53. The composition of claim 52, herein the cell-penetrating peptide is selected from penetratin, Tat, SynB1, Bac, polyArg, MTS, Transportan, POD, and pVEC.

54. The composition of claim 43, wherein the compound further comprises an attachment site configured to couple to a therapeutic agent.

55. The composition of claim 54, wherein the attachment site comprises one or more Cys residues, one or more Lys residues, or a combination thereof.

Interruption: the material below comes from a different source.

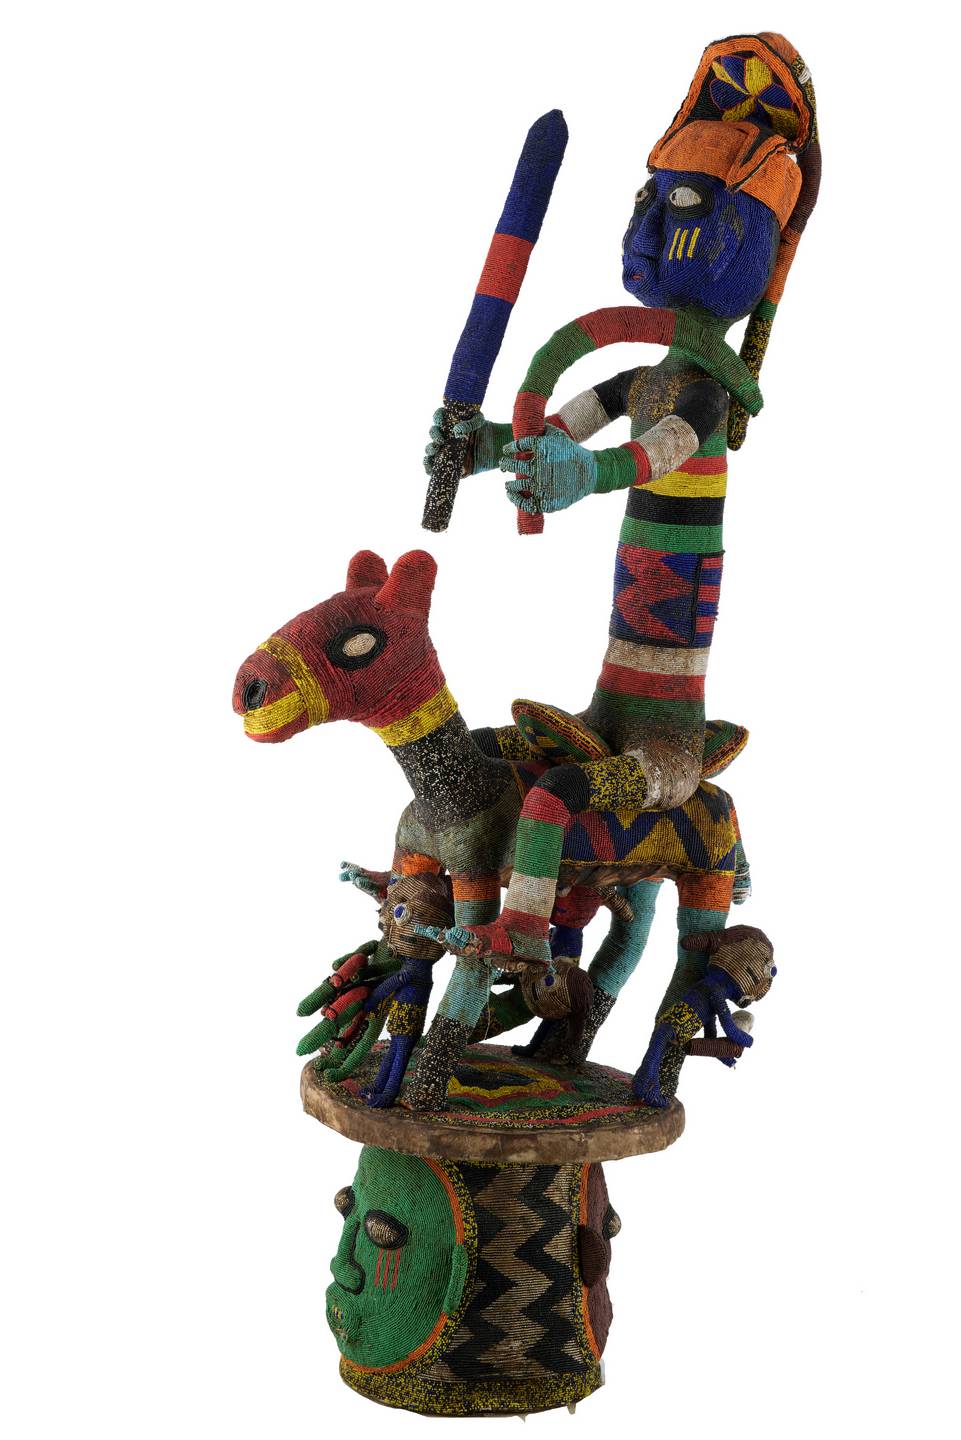 Youruba(masque n°1980), d`afrique : Nigéria et Bénin, statuette Youruba(masque n°1980), masque ancien africain Youruba(masque n°1980), art du Nigéria et Bénin - Art Africain, collection privées Belgique. Statue africaine de la tribu des Youruba(masque n°1980), provenant du Nigéria et Bénin, n°1980 Masque EPA ,connu sous le nom d

56. The composition of claim 43, wherein the therapeutic agent is at least one selected from a group consisting of a VEGF antagonist, a member of the sFlt-1 family, a portion of the sFlt-1 protein (SEQ ID NO:10), sFlt-1 Ig-like domains 1, 2, 3 (SEQ ID NO:11), PEDF (SEQ ID NO:13), an anti-inflammatory drug and/or peptide, a BLP-1 peptide (SEQ ID NO:14), a parasin-1 peptide (SEQ ID NO:15), a magainin-2 peptide (SEQ ID NO:16), and a ranalexin peptide (SEQ ID NO:17).

57. The composition of claim 43, wherein the ELP comprises at least about 5 repeats of the amino acid sequence VPGXG (SEQ ID NO: 1).

58. (canceled)

59. (canceled)

60. (canceled)

61. (canceled)

62. (canceled)

63. (canceled)

64. (canceled)

65. (canceled)

66. The composition of claim 43, further comprising a pharmaceutically acceptable carrier for topical delivery to an eye.